Usually, for research purposes and in the clinic, HBOT is administered at between 2 to 3 ATA. Above this pressure, where the levels are referred to as supranormal, the main outcome is a clear increase in bio-oxidative products and saturation of antioxidants, leading to enhanced oxidative damage [65,66]. Exposure to high oxygen levels for a long duration can cause oxygen toxicity and may lead to systemic damages such as seizures, lung malfunction or retinopathy of prematurity [67]. The occurrence of oxygen toxicity and seizures is very low [68]; however, to minimize side effects and complications, HBOT should be provided by a certified and trained medical staff using strict operational protocols, including pre-therapy evaluations, appropriate exclusion criteria and in-chamber monitoring [68,69].

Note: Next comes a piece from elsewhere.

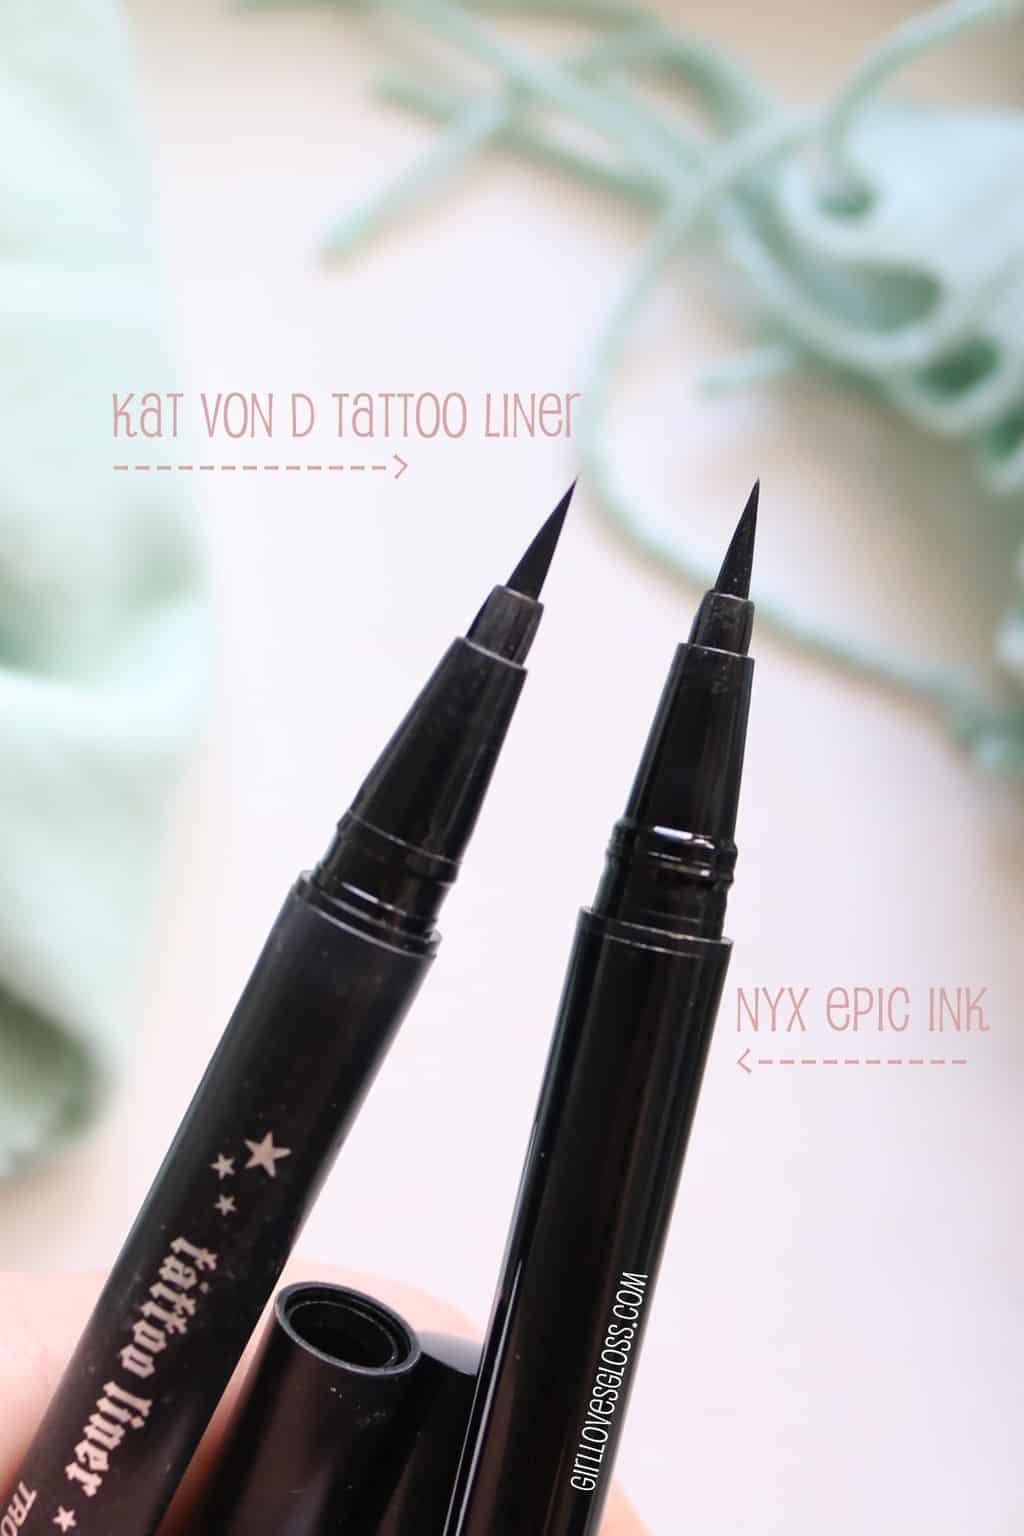 NYX Epic Ink vs Kat Von D Trooper Eyeliner

To reduce the chances of damage, exposure to HBOT in the clinic is rather brief (generally 1 h per treatment) and at pressures lower than 3 ATA, most commonly 2 ATA. In some cases, intermittent HBOT protocol is used, where oxygen levels are changed several times during a single treatment [13,70]. As a result, if HBOT is administered within therapeutic and approved limits, an antioxidation process mostly accompanies the rise in oxidation products (Table 2) and is adequate to counter the oxidative stress damage. Moreover, following the HBOT session, the reversal of oxidation products occurs approximately half an hour earlier than that of the antioxidant enzymes’ activities [71,72], which supports the safety of HBOT within therapeutic ranges.
Mechanistically, HBOT induces activation of transcription factors and gene expression, evoking antioxidant enzymatic activity, especially through the Nrf2 pathway. Nrf2 is a redox-sensitive transcription factor that is involved in cellular defense mechanisms and acts on several known target genes, including HO-1, quinone oxidoreductase 1 and glutathione S-transferase [81], all of which have detoxification properties, reducing the free radical load (Figure 2). However, activation of these transcription factors depends on the partial oxygen pressure. Mild hyperoxia (30% O2) initiates activation of HIF1α [82] and decreases Nrf2 levels in the nucleus [83], and administration of 100% O2 elevates Nrf2 levels in the nucleus and upregulation of Nrf2-regulated genes [84]. One of the major molecules supporting tolerance of the organism to oxidative damage is HO-1 [85], also called heat-shock protein (HSP) 32, a ubiquitously expressed multitasking enzyme that has neuroprotective action [85]. Under basal conditions, Nrf2 is found in a ubiquitinated state and is degraded in the proteasome (Figure 3), whereas in the presence of oxidative stress and electrophiles (reactant species willing to accept electrons), the ubiquitin E3 ligase complex is modified and Nrf2 is stabilized [86]. Once stabilized, it is transported to the nucleus where it activates its known antioxidant response (Figure 3) by acting on the aforementioned gene targets [58,87]. Indeed, after 25 HBOT sessions, tissue levels of Nrf2, along with its downstream targets, were significantly increased compared to those in nontreated control patients [88].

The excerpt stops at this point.